Modena Pigeon Photo with Bronze color (55 days) 

hope you like it

Regards

Mahmoud

note: if you can't see attached photo you can visit this pigeon page click here


----------



## avian (Sep 6, 2010)

Modenas are a nice breed
nice bird you have got there but not the best featured one i have seen


----------



## Covenant Loft (Feb 10, 2009)

avian said:


> Modenas are a nice breed
> nice bird you have got there but not the best featured one i have seen


That's the one of the joys breeding modenas, it seems like they are always changing especialy throughout their first year. Depending on what color modena it is they can change color after their first molt.

As a modena breeder I am constantly having to remind myself to the fact that they are not finished yet. What i mean is they can look super in the nest and right after the come out and then somewheres around 6 weeks they go though what I call their teenage years, when they get long and lanky. But as they mature and reach adulthood and even a little while longer they really take on that look that modenas are noted for.

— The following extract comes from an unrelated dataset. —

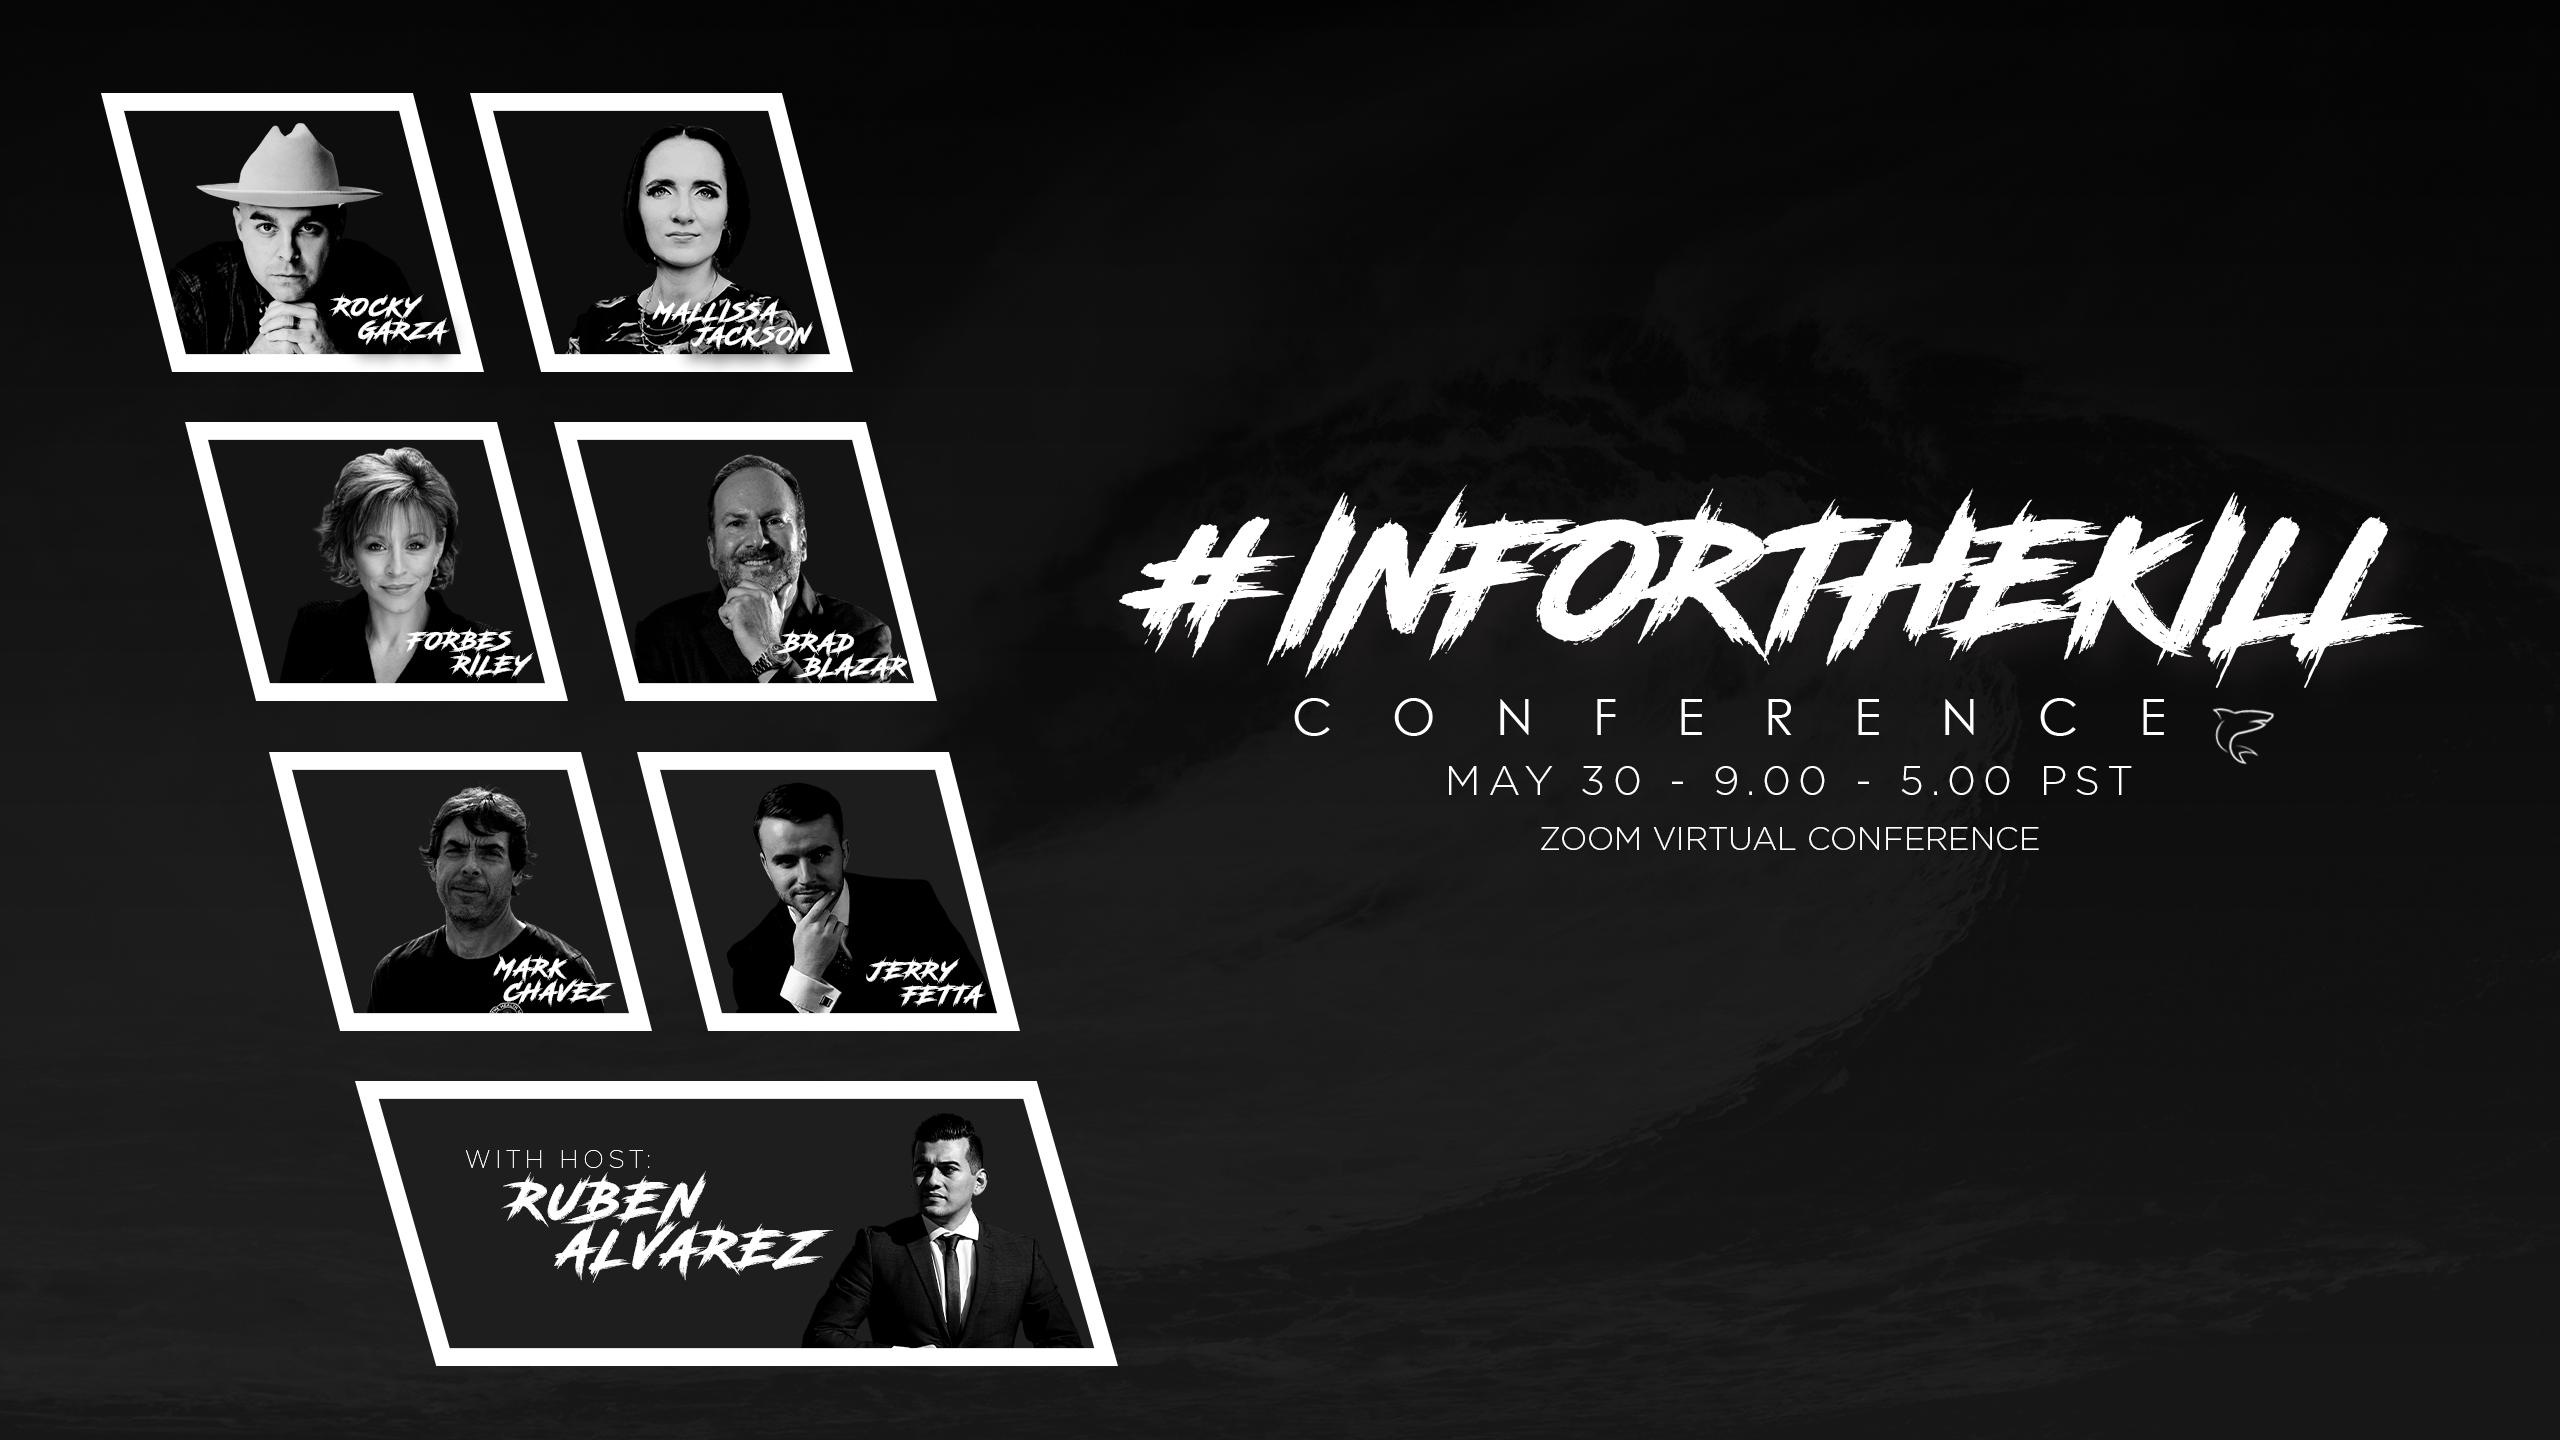 Ruben Alvarez to host the #INFORTHEKILL conference virtually

Most of the time gazzi's like this one are born polutted around the head, neck and chest and have to be trimmed to bring about the proper look the standard calls for. This one seems to be pretty clean. See what it looks like when it mature you may be suprised.

Pastor Walter
Vermont


----------



## MaryOfExeter (Sep 30, 2007)

Pretty bird!


----------



## egpigeon (Jan 15, 2008)

Covenant Loft said:


> That's the one of the joys breeding modenas, it seems like they are always changing especialy throughout their first year. Depending on what color modena it is they can change color after their first molt.
> 
> As a modena breeder I am constantly having to remind myself to the fact that they are not finished yet. What i mean is they can look super in the nest and right after the come out and then somewheres around 6 weeks they go though what I call their teenage years, when they get long and lanky. But as they mature and reach adulthood and even a little while longer they really take on that look that modenas are noted for.
> 
> ...


I think you are right 100%


----------



## egpigeon (Jan 15, 2008)

MaryOfExeter said:


> Pretty bird!


thank you Mary


----------



## sport14692 (Jan 3, 2011)

Nice looking bird


----------